Validation of LINEUP

The 1995 version of LINEUP was used during 389 1994 TBA games. The observed record was 183-136 (0.574), and the predicted winning % via LINEUP Gaussian W% was 0.585 or roughly 187 wins. Since the predicted standard deviation for these games was about 8.5 wins (assuming a one sample binomial model for game-to-game winning percentage), the LINEUP prediction is well within the 'uncertainty' of the data, especially considering that the prediction ignores bench and bullpen strength. For the same set of games, the Pythagorean values were 0.571 and 0.567 for the basic and Gaussian RC respectively.

Using the SOM computer game and the 1993 season data, a fixed pair of lineups were played against each other over 11,000 times. The computer manager was set to highly conservative settings for stealing and strategy plays, and players with poor stealing ability (but average base running) were used. Also, the starting pitchers were set to 9 endurance and the early fatigue rules were disabled. Finally no substitutions were possible (both benches and bullpens were empty, and the rotations were 4 identical pitchers). The observed winning % was 0.610, with a standard deviation of approximately 0.005. LINEUP gave 0.610 (Gaussian RC) and 0.613 (regular RC) for the Pythagorean winning % values and 0.639 for the Gaussian winning % value. This means that the Pythagorean values have less that a 5% chance of being inaccurate given this data, while the Gaussian winning % value is almost certainly optimistic (e.g., tends to be too far from 0.500), or the chance that Gaussian winning % is indeed accurate is less than 1%.

These and other experiments have lead us to the following conclusions.

1. The Pythagorean values are undoubtedly more accurate as the game becomes one-sided.

2. The Gaussian value, although generally optimistic, tends to do better in predicting close games. This is not a clear cut result because it takes an enormous number of trials to tell two close teams apart (>1,000,000 to get the standard deviation of W% down to 0.0005 !) with high confidence, and we just don't have enough data yet.

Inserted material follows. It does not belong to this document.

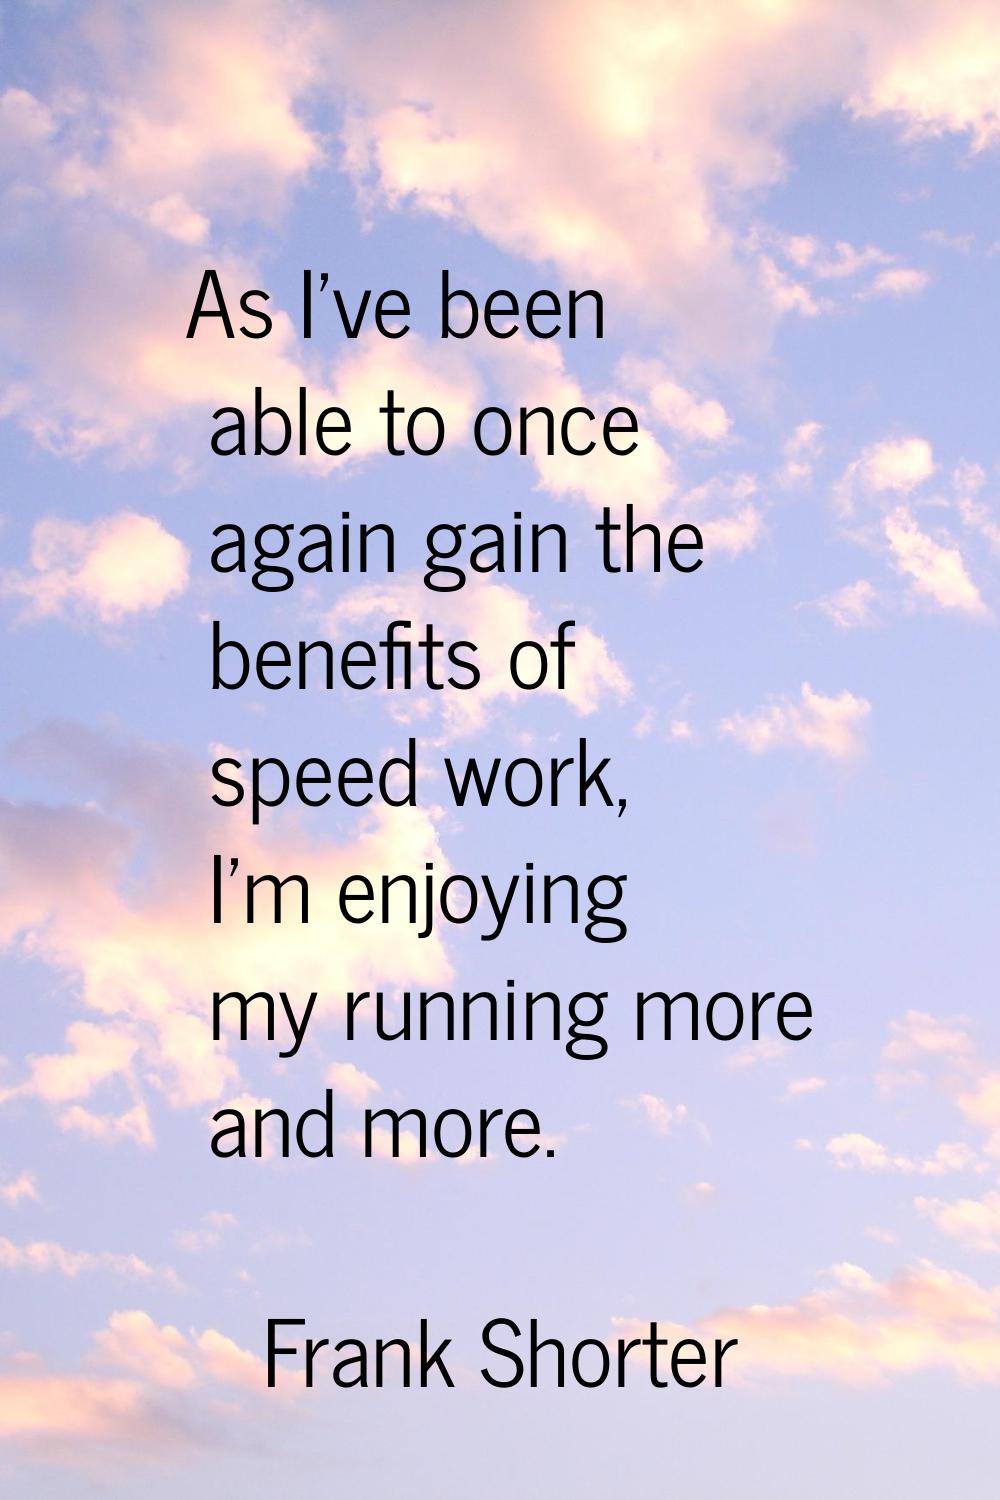 As I've been able to once again gain the benefits of speed work, I'm enjoying my running more and m
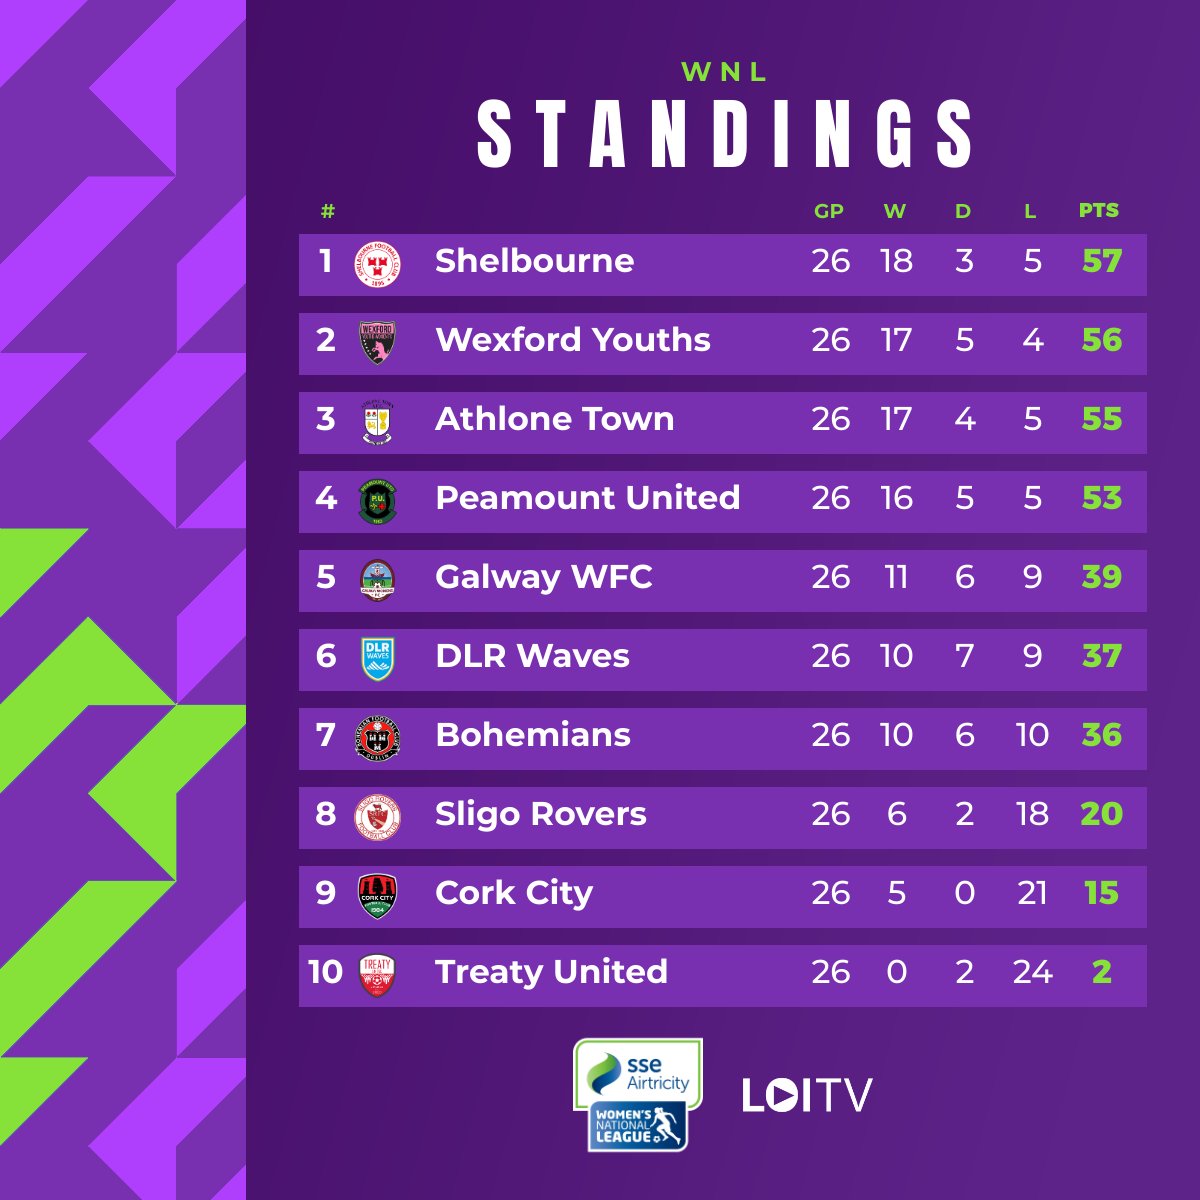 And then there were three! ▪️ A Shels or Wexford win next week will crown either team Champions ▪️ A Shels and Wexford draw coupled with an Athlone win gives a Shels-Athlone Play-Off 😅 ▪️ A Wexford-Shels draw coupled with Athlone loss/draw crowns Shels Champions

3. LINEUP Pythagorean winning % estimates are accurate to 2 significant digits, and the noise is somewhere around + or - 0.005 (i.e., a substitution that produces a 0.010 change is close to a wash).

Based on all of this, you may ask why do we include the Gaussian winning % ? For two reasons: (1) it has far better theoretical support than the empirical Pythagorean measure, and (2) it is much more amenable to small refinements as we increase the accuracy of our SOM runs created model. We anticipate eventually improving it's accuracy to exceed that of the Pythagorean values.

Overall there is strong evidence for LINEUP as a statistically accurate predictor of W% in SOM baseball.